Mrs. Pressley's Honors English
November 13, 2015
Author Visit November 20th!
On Friday, November 20th students will have the distinct pleasure of meeting with Mr. Alam, an accomplished author!
A Boy, His Bibi and a Bari
by S. R. Alam
It was December 1979 and my dad was sending me ‘home’, to become more cultured in the ways of Bangladeshi life. To me home was England... Being the eldest son, I had to grow up and needed this indoctrination in the ways of Bengali life and culture before I became too ‘westernised.’
A Boy, His Bibi and a Bari is the story of a 10 year old boy, sent by his parents from the UK to Bangladesh to live with his grandmother.

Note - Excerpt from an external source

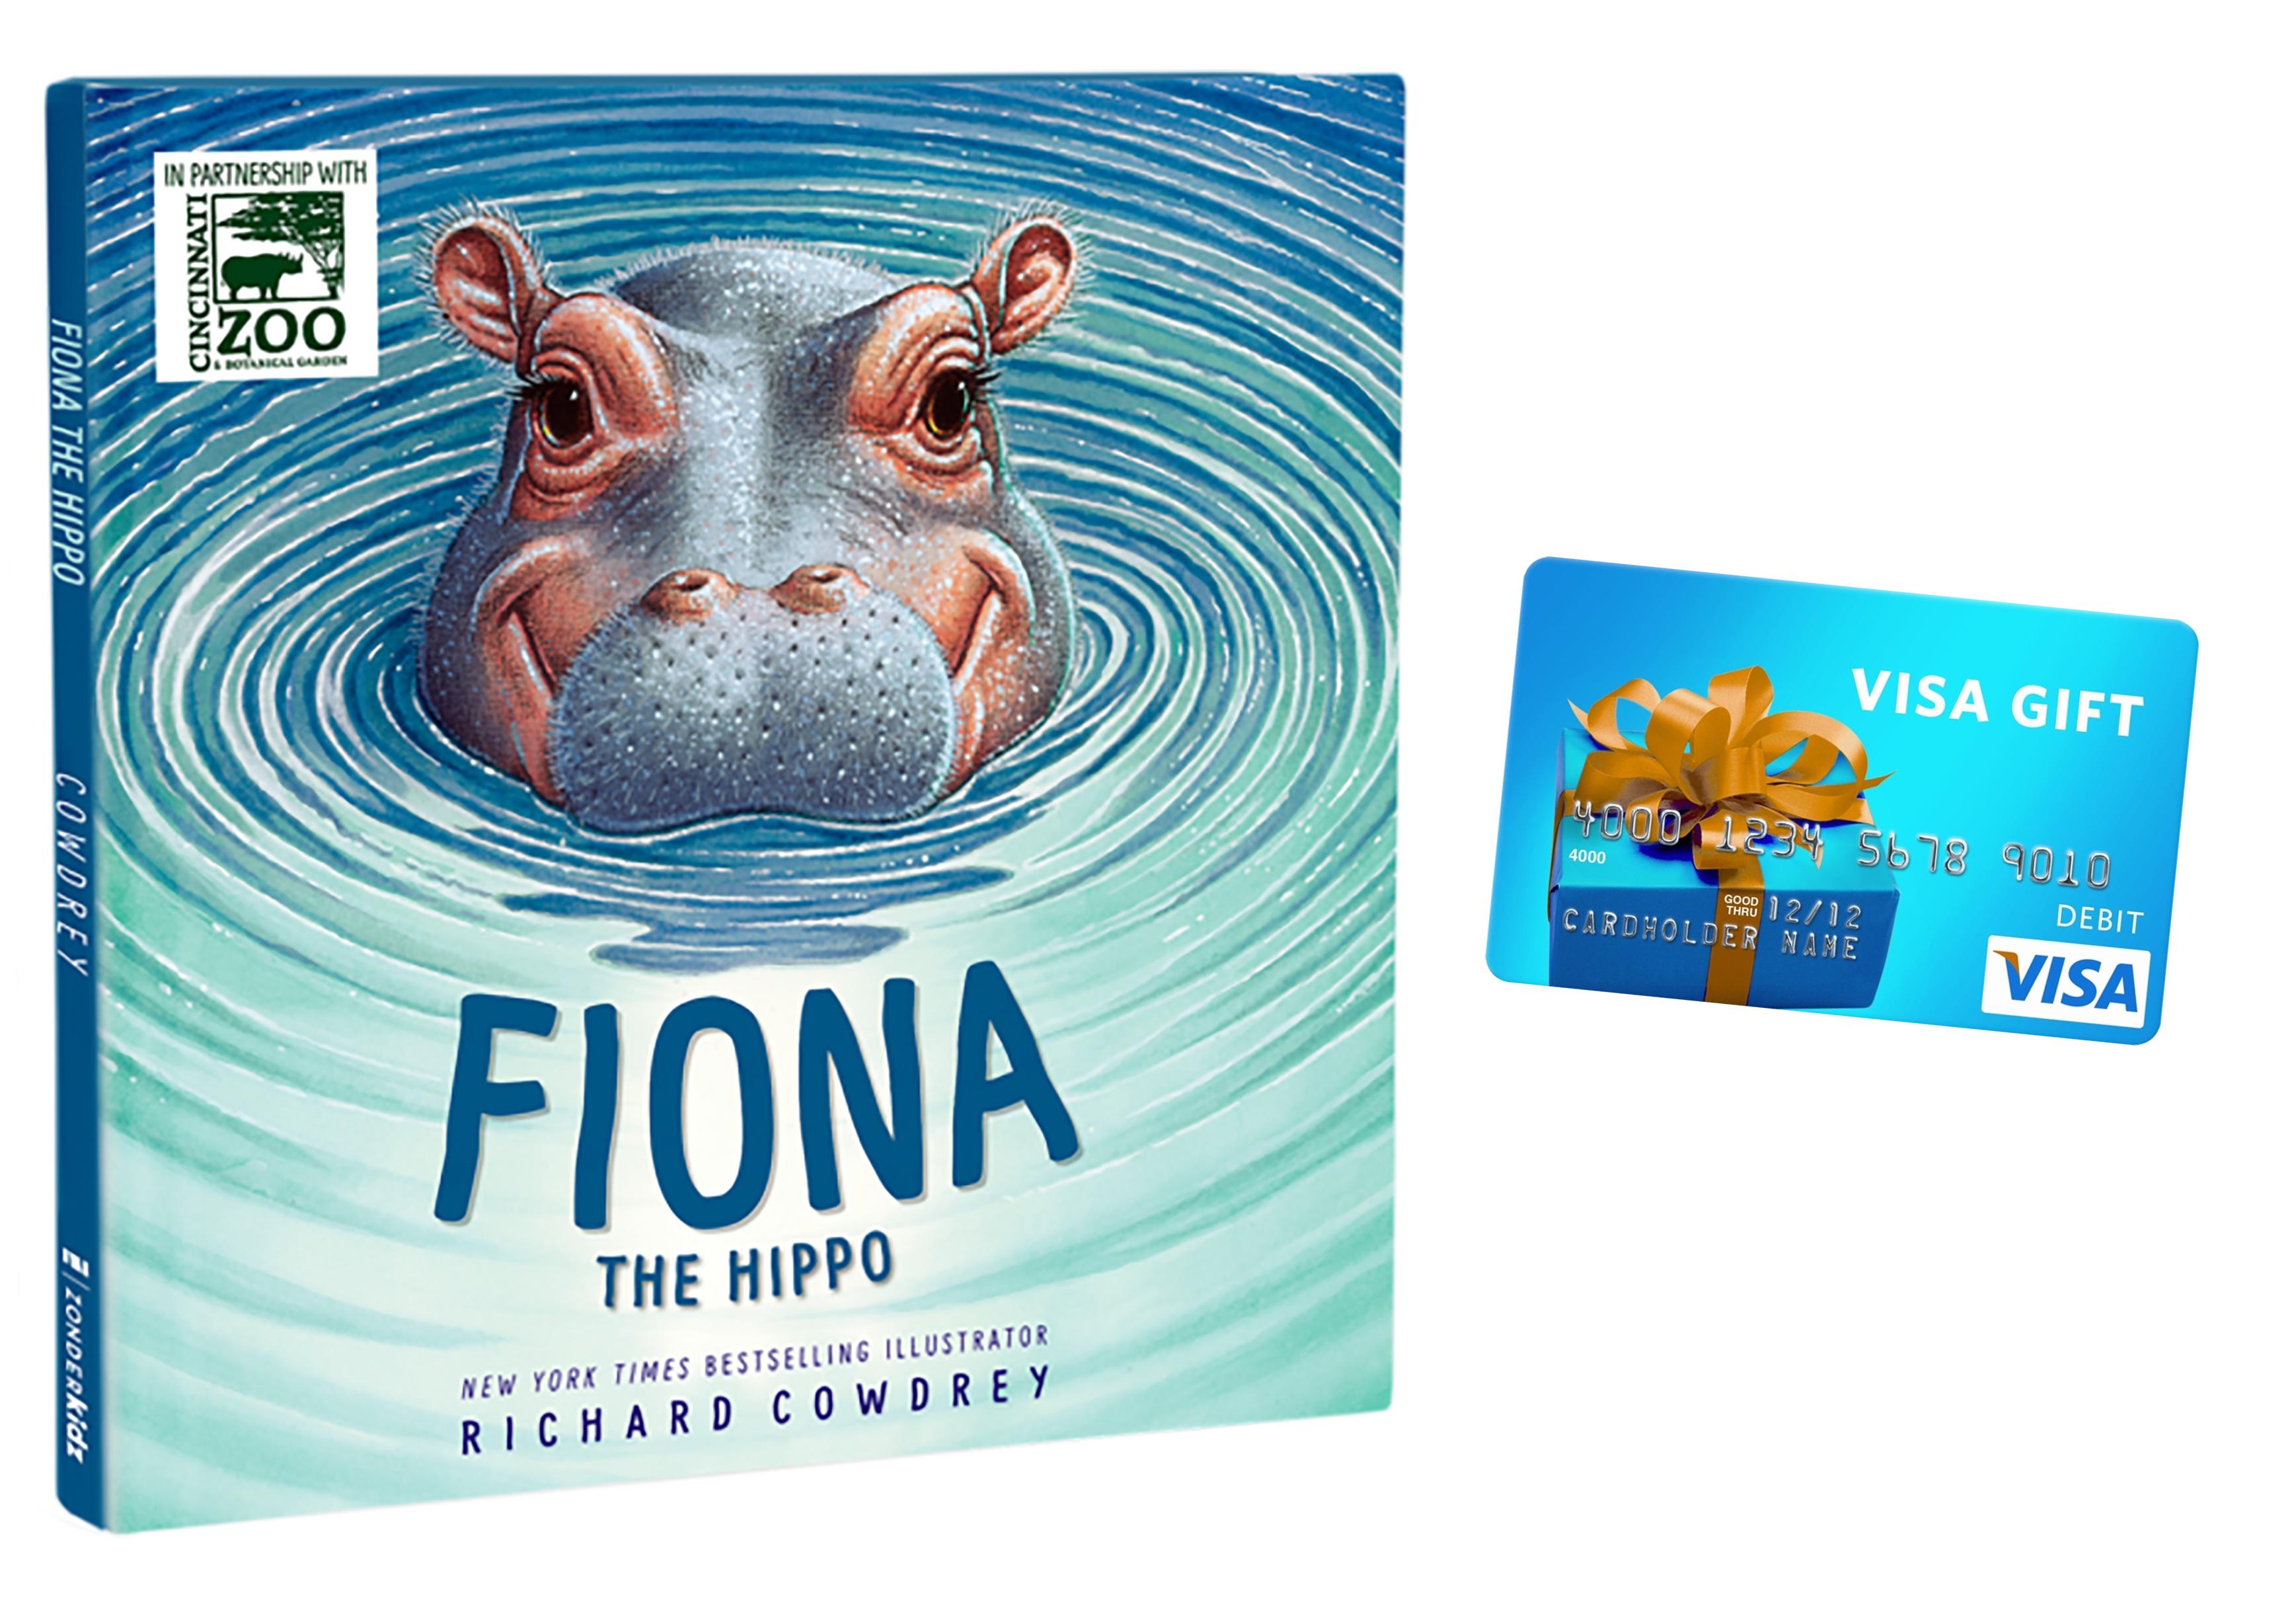 celebrate-picture-books-picture-book-review-Fiona-the-Hippo_Fabulous-Fiona-Prize
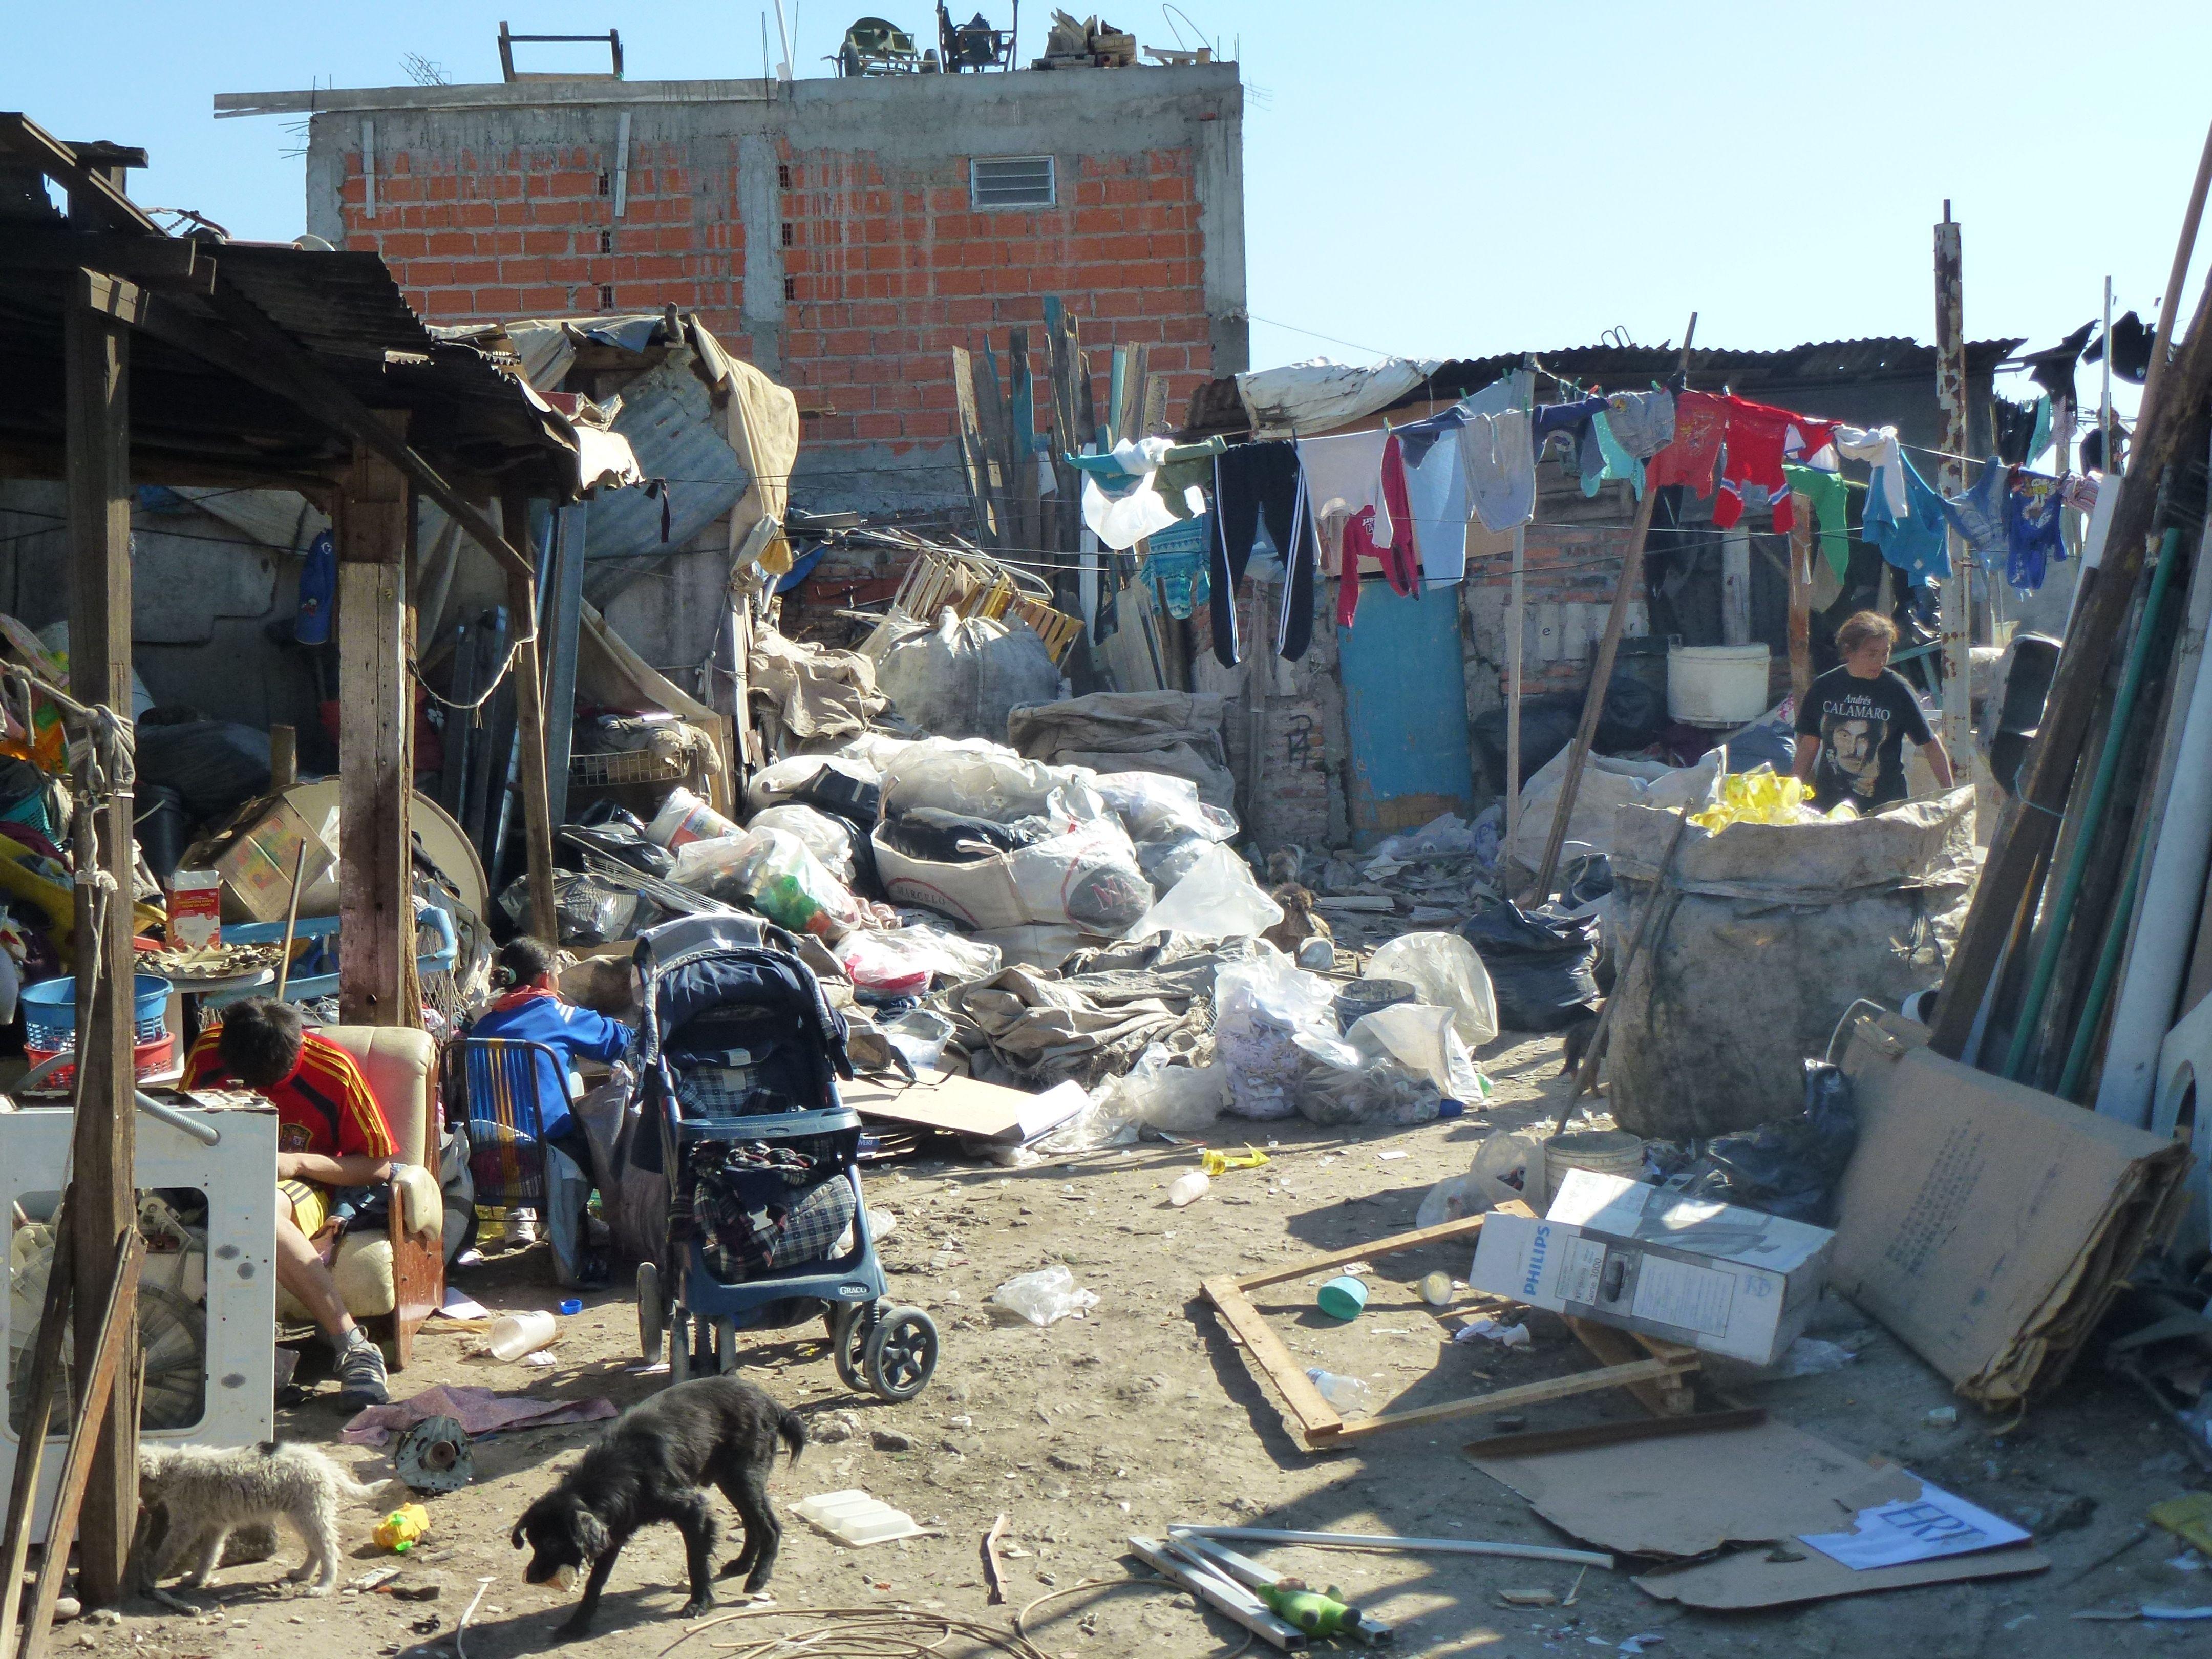 villa miseria ricardo blanco 39 s blog ForVillas Miserias En Argentina

While there he was to become cultured in Bengali life, language and living to avoid become over-westernised.
The visit lasted for one year and was a rite of passage. S.R Alam experienced life without rules or parental control. He dropped out of school, became a barefoot adventurer, traded in the bazaars, fished in the monsoon floodwaters, witnessed a bull fight and ran wild with the monkeys.
A Boy, His Bibi and a Bari is a story about the clash of cultures faced by immigrants. S.R Alam’s memoir conveys the struggle to ensure a young boy does not lose his roots and identity.
What we have been studying...
Monologue presentations were fantastic! Many students assumed the roles of their character with great pizzazz and convincing mood, tone, and enthusiasm.
Students spent the latter part of the week translating A Christmas Carol prose to drama. This allowed them to practice stage directions, visual and sound techniques, tone, and mood. Some students may need to finish this assignment over the weekend if they were not able to finish it in class.
Drama is intended to be performed.
Characterization is developed in drama through character speech and actions.
Stage directions are clues to understanding the meaning of the play and the playwright’s purpose.
What are the differences between prose and drama?
How do movement and staging create meaning?
How do playwrights communicate their ideas?
What creates a character shift, and how does the audience recognize it?
Monday through Wednesday, students will be reading A Christmas Carol in drama form. We'll look at symbolism, theme, and how drama, prose, and film are similar and different. Thursday they'll be taking A Christmas Carol Assessment on the play.
Keep Reading: Students should be reading two hours a week; one in school and one at home. Journals don't have to come home daily, but I encourage you to look through your child's journal at least once a week to see how they are doing.